А теперь ей надо не увернуться от пощечины, а соображать как можно быстрее. Стиснув зубы, Каталина обещает себе, что искусает этого мужчину и всю машину зальет кровью – пусть только попробует сделать что-то большее, чем трогать ее за коленку. Или за коленку и ляжку. Или за коленку, ляжку и грудь. Она даже не знает, где проходит граница между ее телом и остальным миром, но это уже неважно, потому что впереди наконец показалась благословенная бензоколонка.

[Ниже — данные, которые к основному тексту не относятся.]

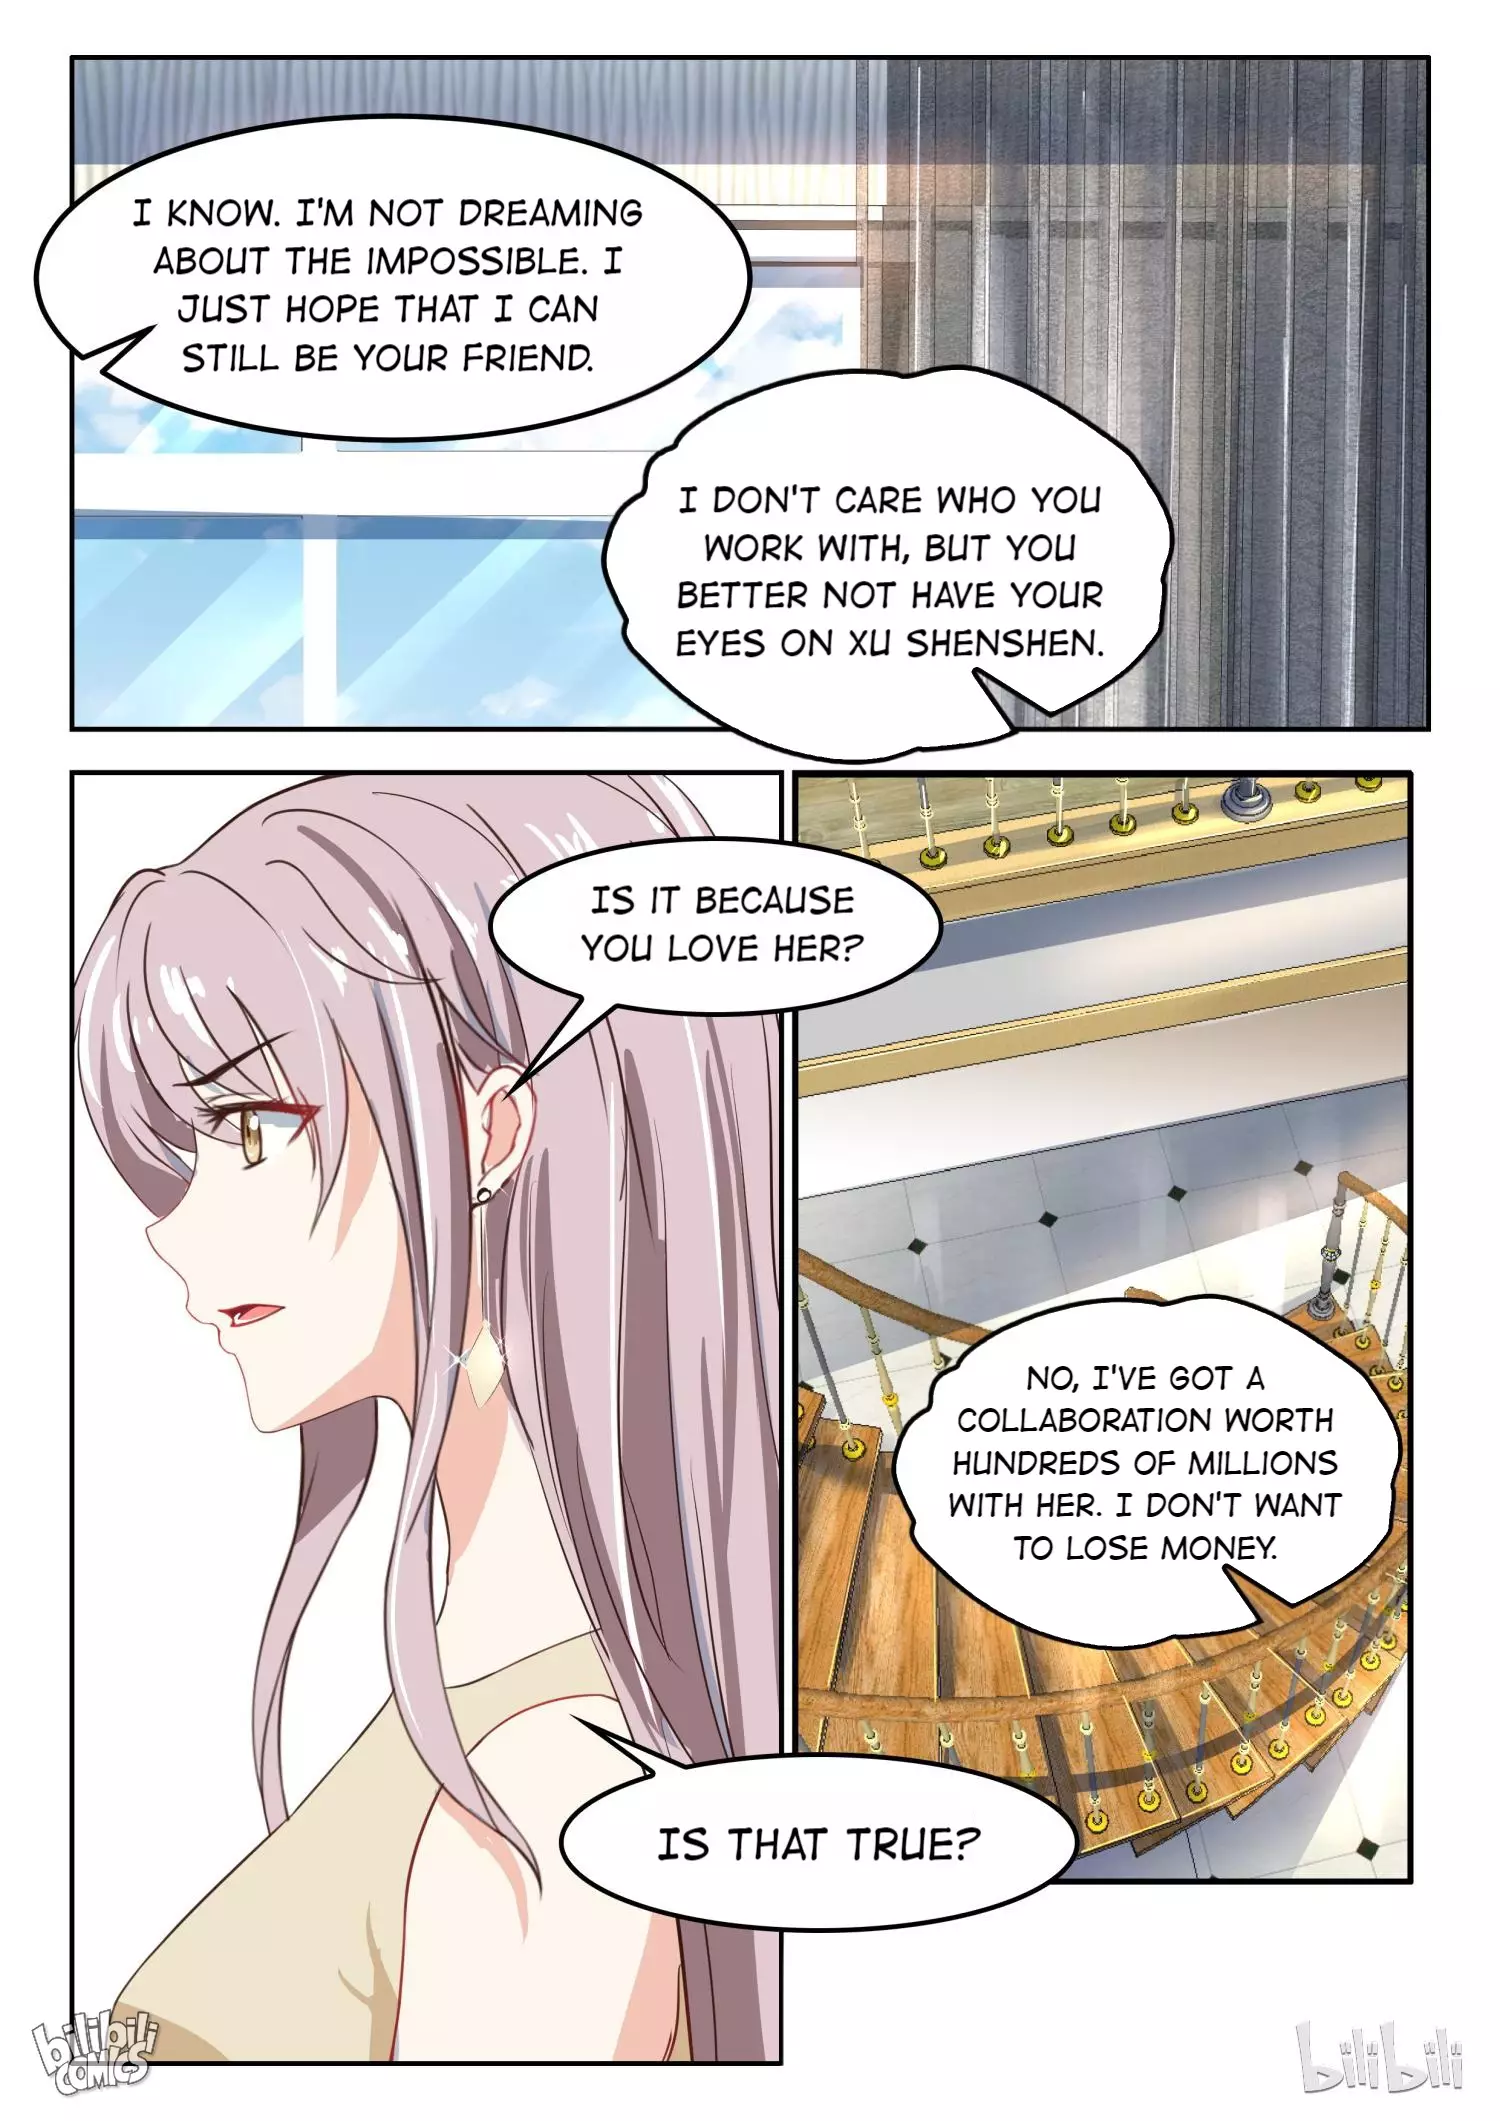 Scheming Marriage - 46 page 4-11fb28ff

Аллилуйя. Машина останавливается в зоне обслуживания, и Каталина поворачивается, чтобы взять свои вещи с заднего сиденья.
– Ты куда собралась? – спрашивает мужчина.
– В туалет, уже давно писать хочу.
– Так оставляй все в машине, я тебя не ограблю.
– У меня месячные, мне прокладку поменять надо.
Она сама вдруг удивляется, что так быстро отреагировала и сообразила, как соврать мужчине; это у нее от мамы. Второй раз в жизни она упоминает менструацию при человеке без яичников. Она чувствует непривычную власть, читая отвращение на лице собеседника, – у него как будто пропало всякое желание трогать ее за коленку. Женщина сказала бы ей, чтобы взяла из рюкзака прокладку или тампон, но он, как большинство мужчин, не знает, в чем тайна месячных и что ей нужно, чтобы они не были заметны. Поэтому, разумеется, для него нормально, что она забирает весь рюкзак. Но с толстовкой фокус не проходит.
– Кофта-то тебе зачем в такую жару?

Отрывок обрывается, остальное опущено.